Произнося эти медленные, задумчивые слова, рамщик Медведев поднялся с места, выпрямился, и сделалось видно, как он до смешного непропорционален: при большой, толстой голове у него было тщедушное, маленькое тело, тонкие ноги, узенькие бедра и отдельные от всего этого руки, которые, как и голова, могли принадлежать только телу другого человека — такие они были большие и сильные. Эти руки заросли темными вьющимися волосами, мускулы на них не перекатывались, не двигались, а лежали каменными буграми, металлическими литыми извивами; свои удивительные руки тщедушный рамщик держал по-обезьяньи широко.
— Ежели ты мне не отвечаешь, Семен Василич, пошто я должон этих нахлебников поить, то я тебе сам на это отвечу, — продолжал рамщик Медведев, подходя к шкафу с тюремными глазками. — Я их по той причине пою, Семен Василич, что они с тобой всю пьяную дорогу обретаются и на тебя, Семен Василич, своего рубля не жалеют, как ты завсегда без денег…
Он замолчал. Солнечные лучи в горницу проникали осторожно, упав на некрашеный пол и неоштукатуренные стены, приглушались до оранжевости; толстые кедровые стены не пропускали ни звука, высокий потолок вместо того, чтобы делать комнату просторнее, окончательно впитывал в себя остатки пространства. В этой беззвучной, глухой тишине подземелья рамщик Медведев неслышными пальцами открыл неслышную дверцу кедрового шкафа, достал хрустальный графин, тоже неслышный и с неслышной пробкой, и понес его к столу.
— Варвара, а Варвара! — не повышая голоса, позвал Медведев. — Надо бы закуску сгоношить, Варвара.
В боковой комнате послышались приглушенные шаги, зашуршала материя, и в горнице появилась сестра хозяина — высокая женщина в длинном монашеском платье и черном, глухом платке. Она молча подошла к гостям, сложив пальцы лодочкой, почтительно и с приятной улыбкой подала каждому руку, а Семену Баландину поклонилась в пояс, но руку подать не решилась.
— Спасибо, что зашли, Семен Васильевич! Не забываете нас.
Жена рамщика Медведева погибла в годы войны, детей у них не было, и вот уже около двадцати пяти лет Прохор Емельянович жил с сестрой. Они были дружны и согласны, сестра работала медсестрой в поселковой больнице, дом Медведевых считался одним из хлебосольнейших в поселке. Рамщик зарабатывал около четырехсот рублей в месяц, сестра получала шестьдесят и пенсию за мужа, погибшего на фронте.

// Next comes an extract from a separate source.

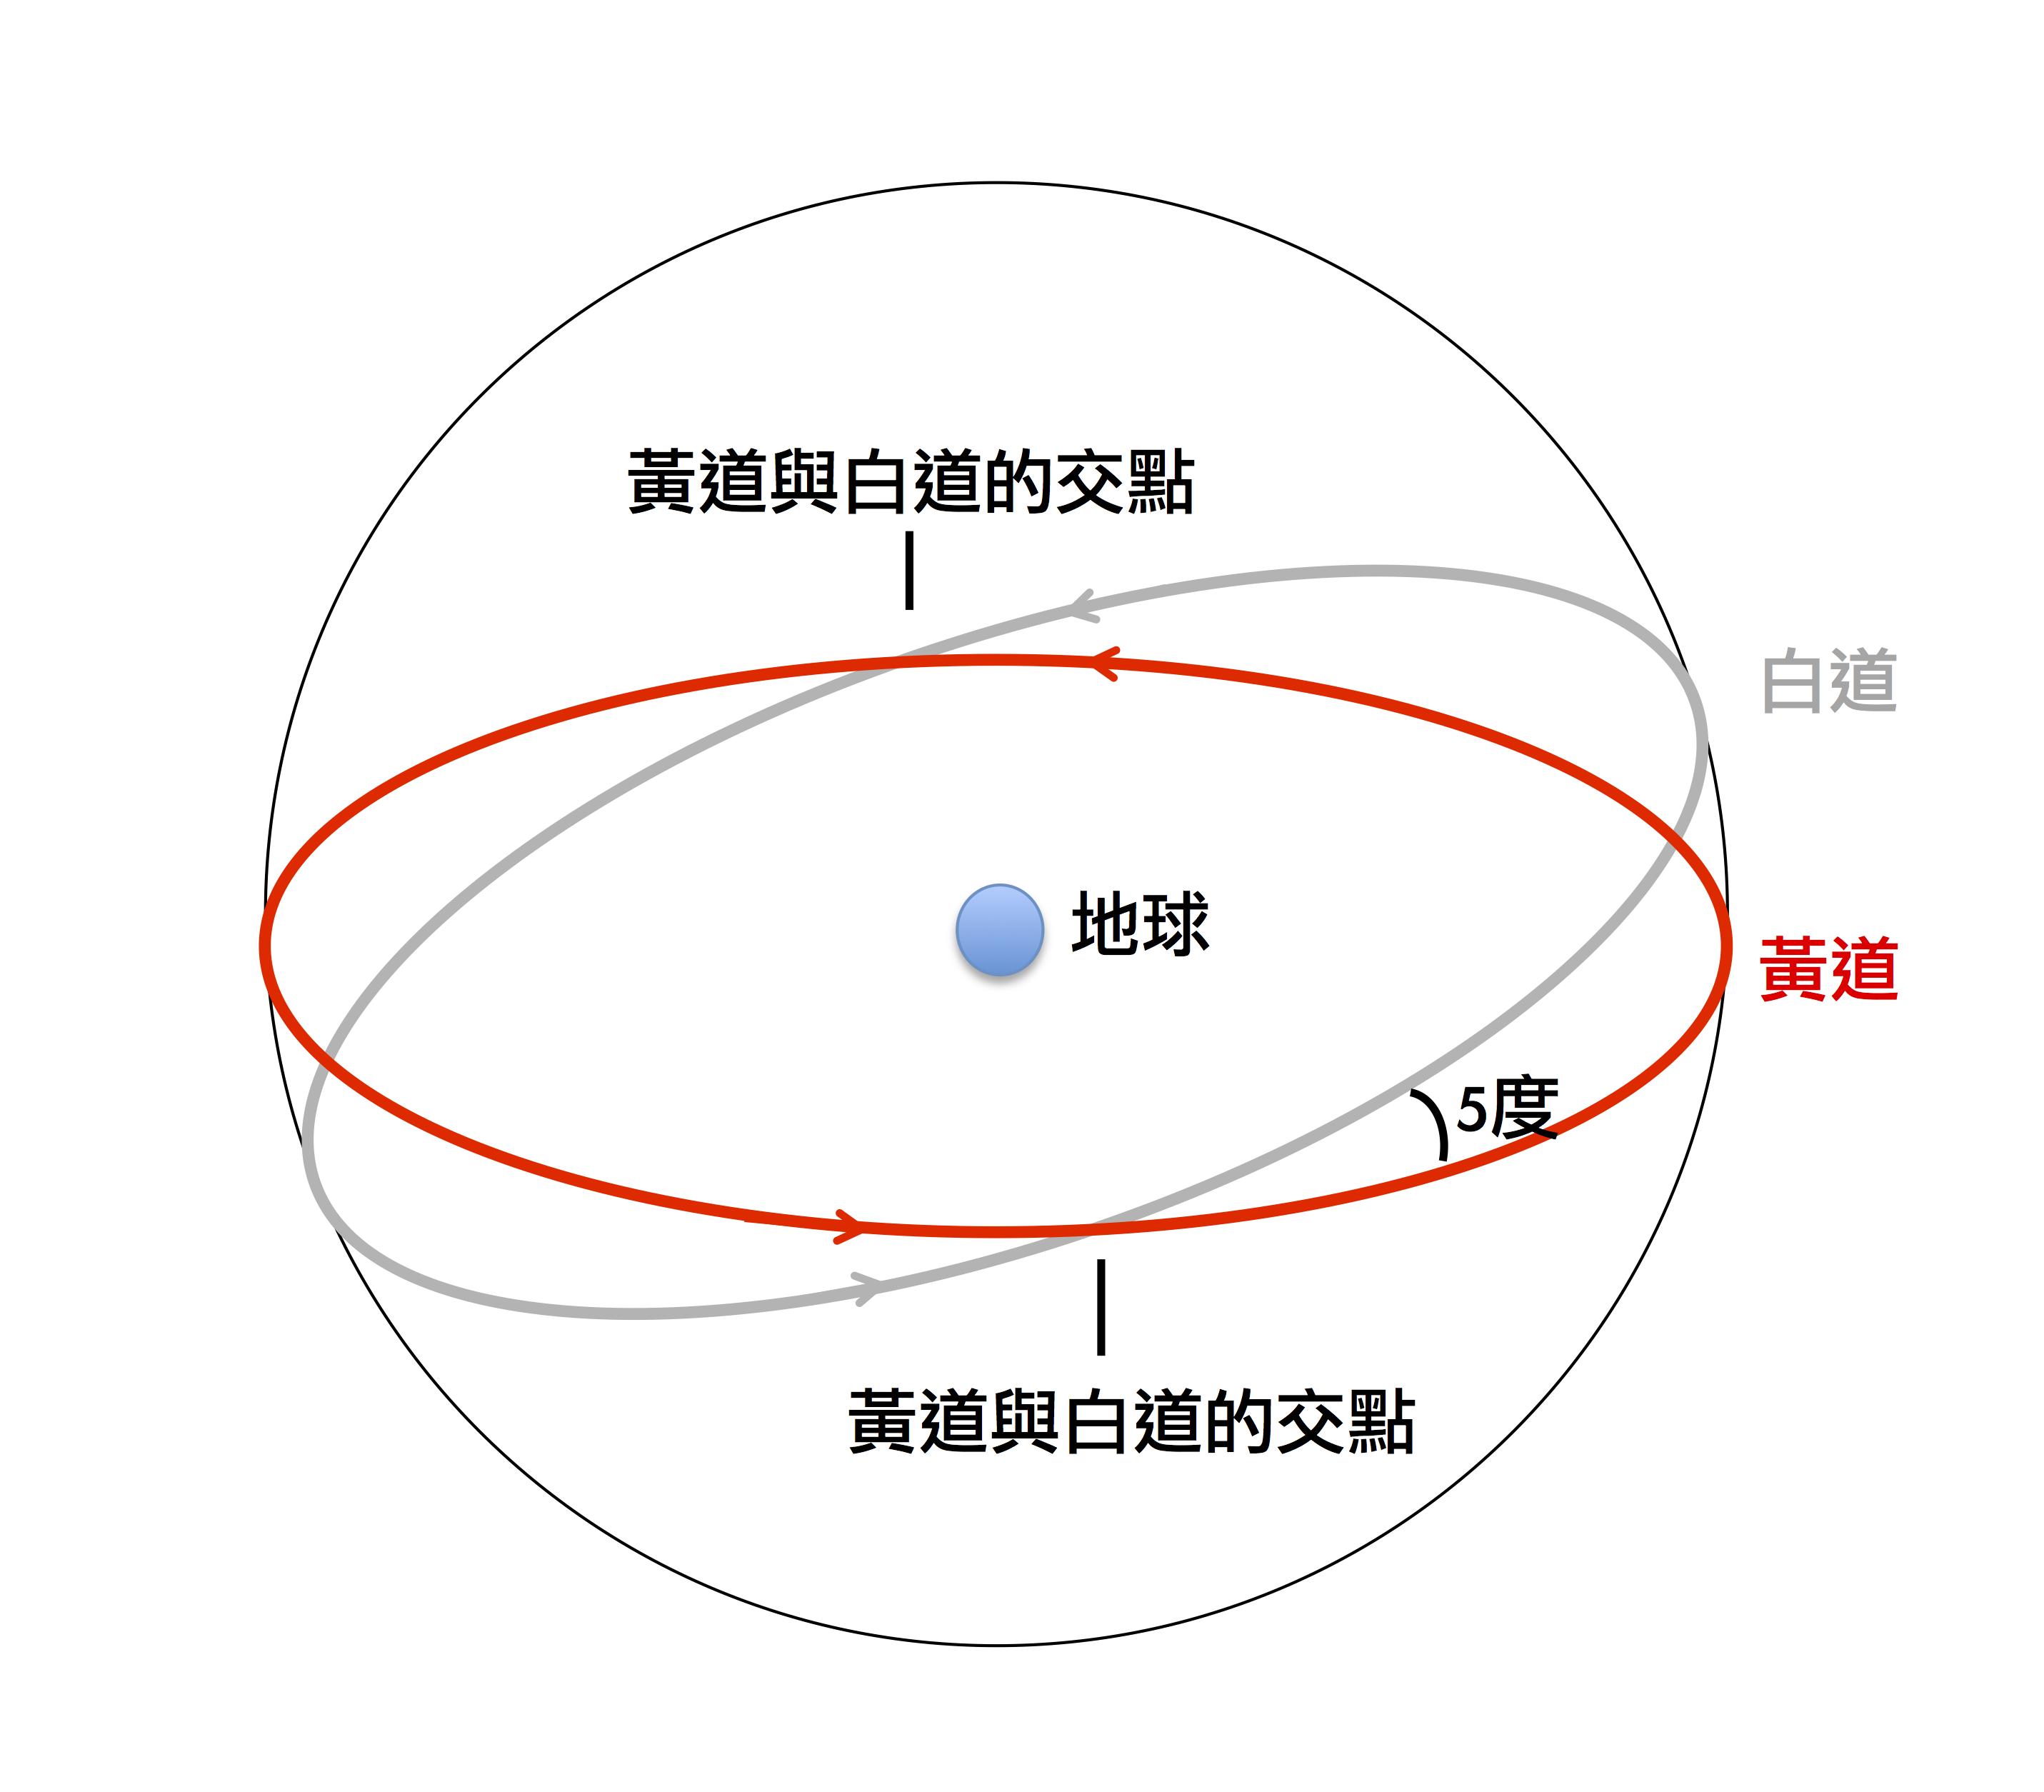 黃道與白道,當太陽運行到黃道與白道的交點附近時就會發生日食和月食。製圖:李昫岱

— Ты накрывай на стол-то, накрывай, Варвара!
Рамщик Медведев неслышно поставил на стол графин с водкой, заняв свое царственное место, положил руки на столешницу.
Стена над его головой была самой светлой и веселой: ее от лавки до потолка заклеили почетными грамотами. Девяносто три грамоты висело на стене, начиная от грамоты Президиума Верховного Совета СССР и кончая грамотой поселкового Совета, — вот каким знаменитым рамщиком был щупленький и большеголовый Прохор Медведев.

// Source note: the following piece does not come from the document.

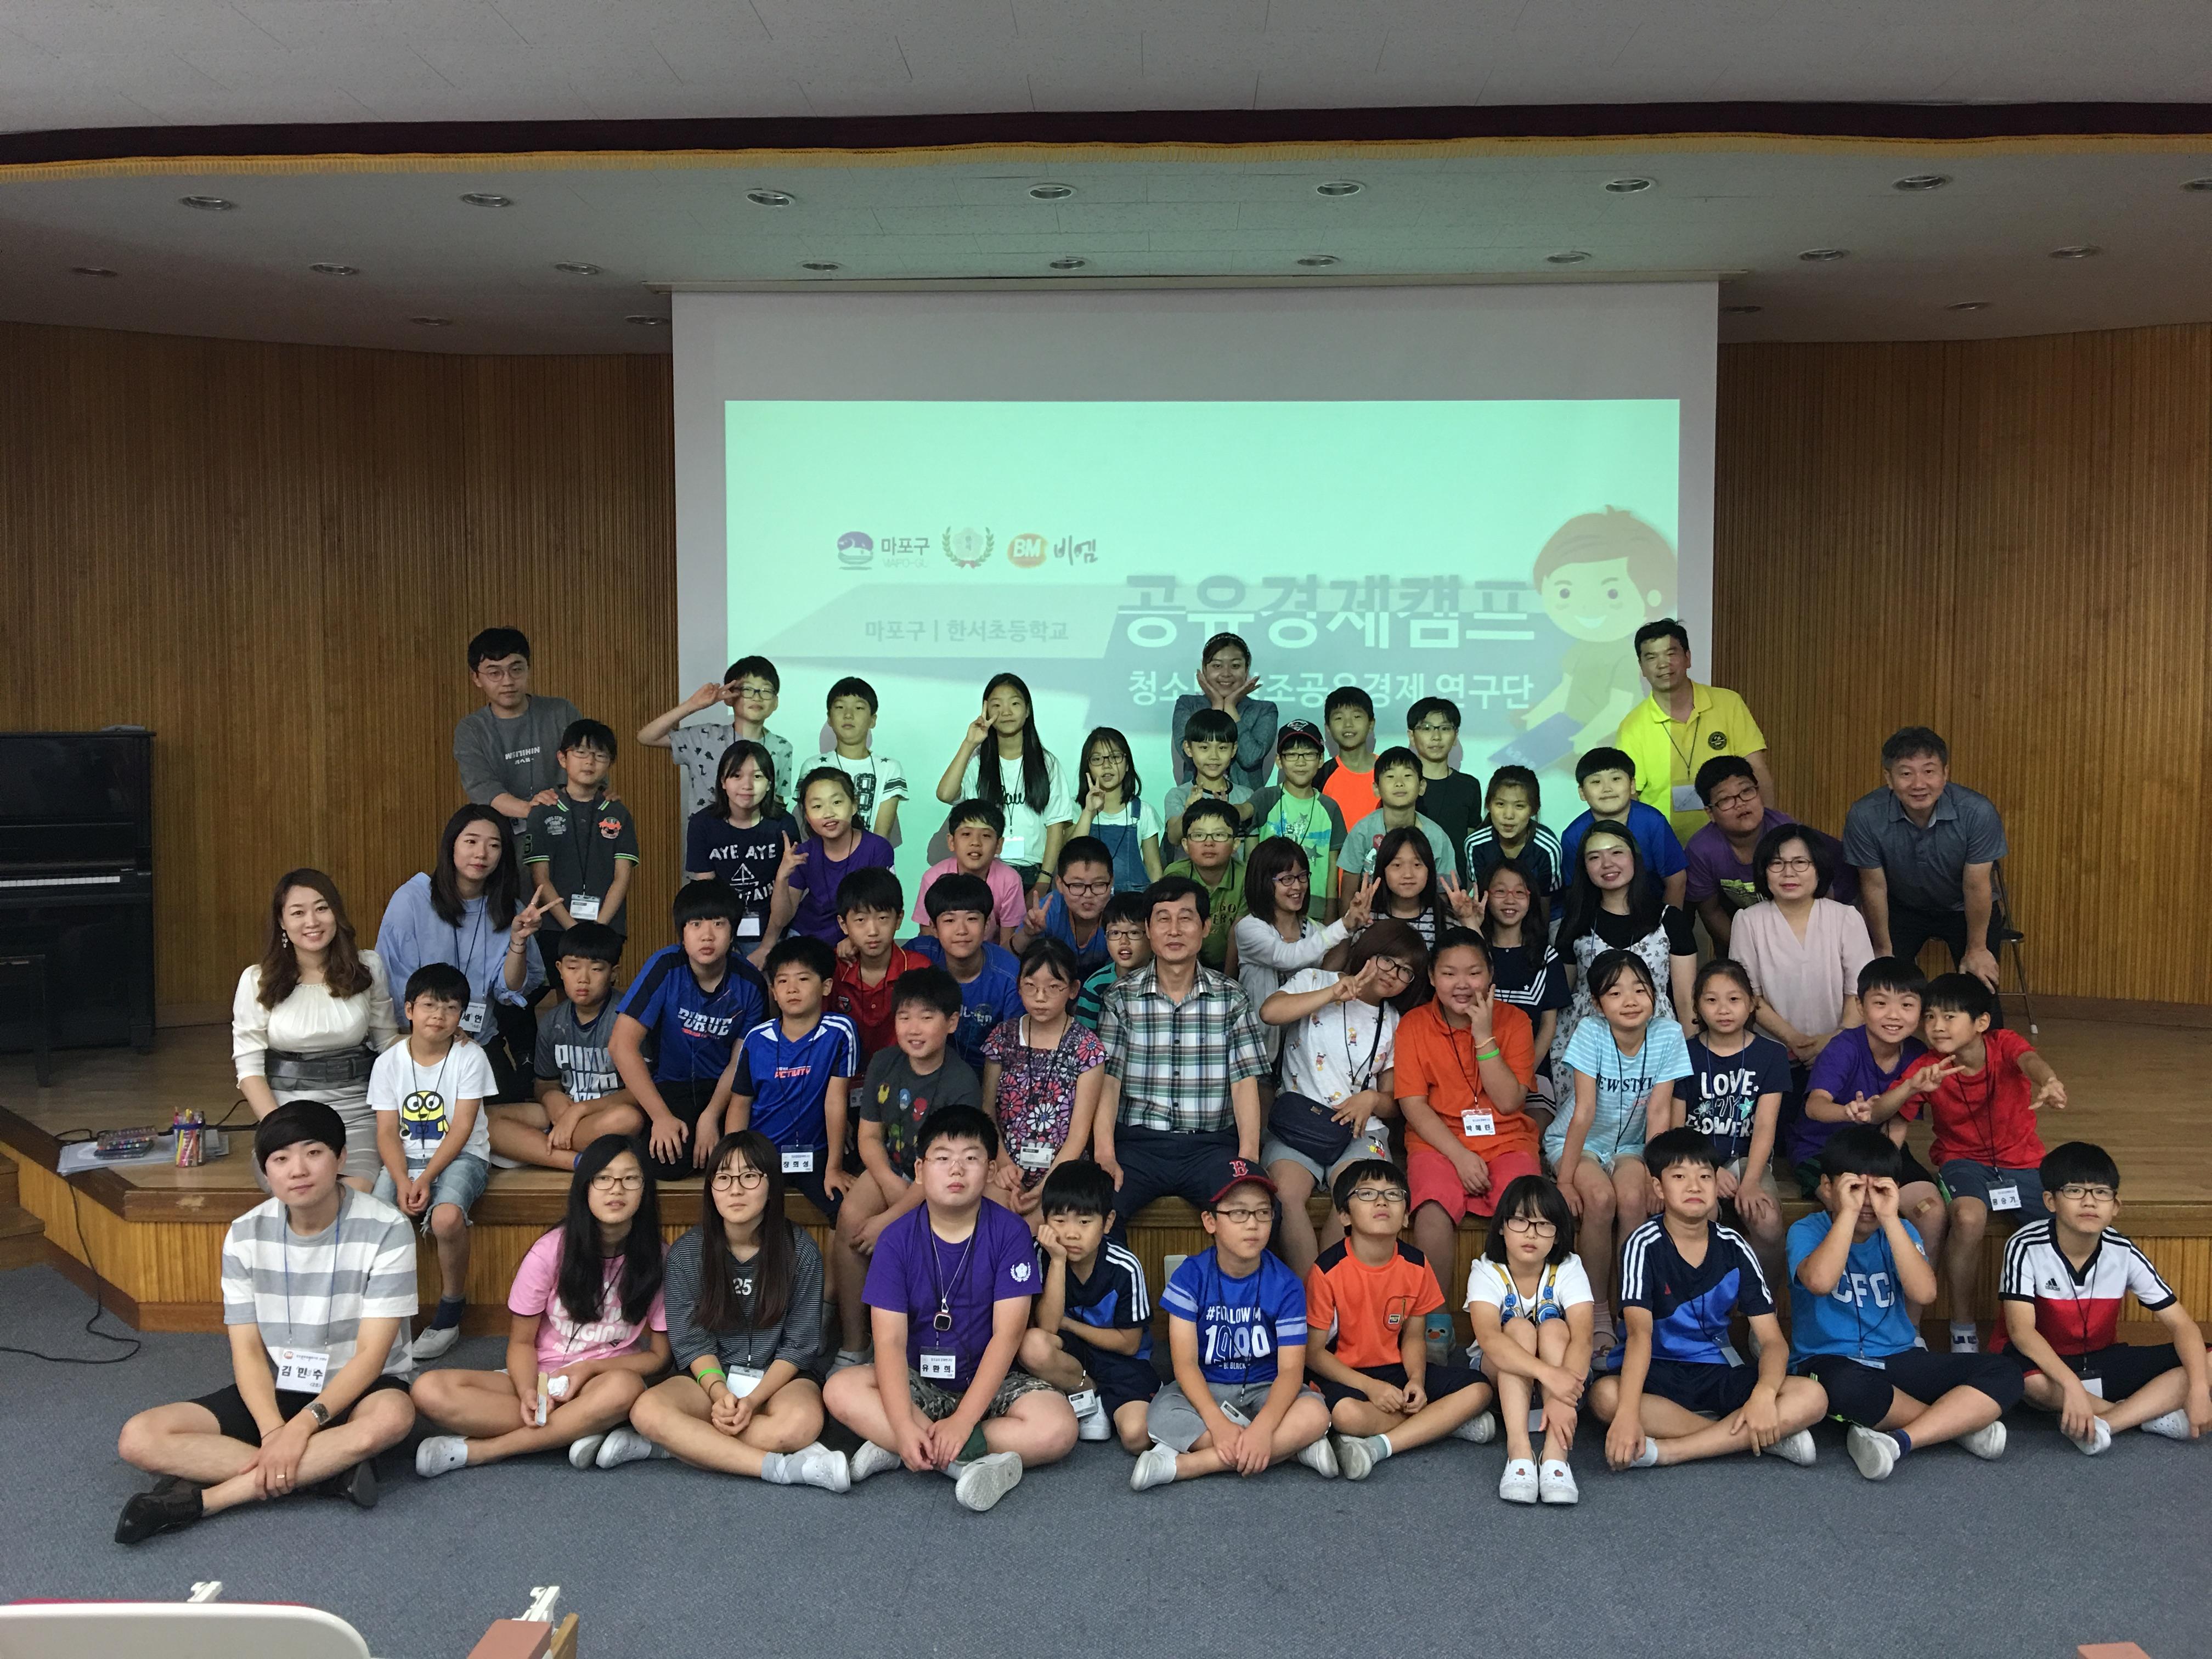 3기 한서초등학교 창조공유경제연구단, 폐막식

Его слава была так велика, а положение было таким прочным, что на старости лет рамщик позволил себе роскошь сделаться открыто и вызывающе религиозным, хотя не верил в бога и редко думал о нем. Раз в три месяца он отправлялся за пятьдесят километров в Тогурскую церковь, где шикарным жестом разбрасывал пятерки и трояки, а потом, во время службы, стоял впереди всех богомольных старух. А вечером с бутылкой дорогого коньяка шел к попу отцу Никите и до поздней ночи вел с ним тайные и медленные беседы.
Иконы занимали всю левую стену горницы.
— Вот такие-то дела, Семен Василич! — тихо сказал знаменитый рамщик.
— Новому директору Савину шибко не потрафило, что я его не полюбил… Нет, не полюбил! Мужик он, конечно, работящий, умный, непьющий, но я его не полюбил, бог знат почему… То ли глаз мне его не нравится, то ли директорска баба сильно в кости тонка, то ли директорски очки мне душу воротят? А может, мне то не ндравится, что он кажно утро купатся да физкультуру делат?.. Конечно, кажному подольше жить охота, но ты при мне, при Медведеве, рукам не маши, в трусах по песку не бегай, свою бабу при всем народе в ушко не целуй… Да ты слышишь ли меня, Семен Василич?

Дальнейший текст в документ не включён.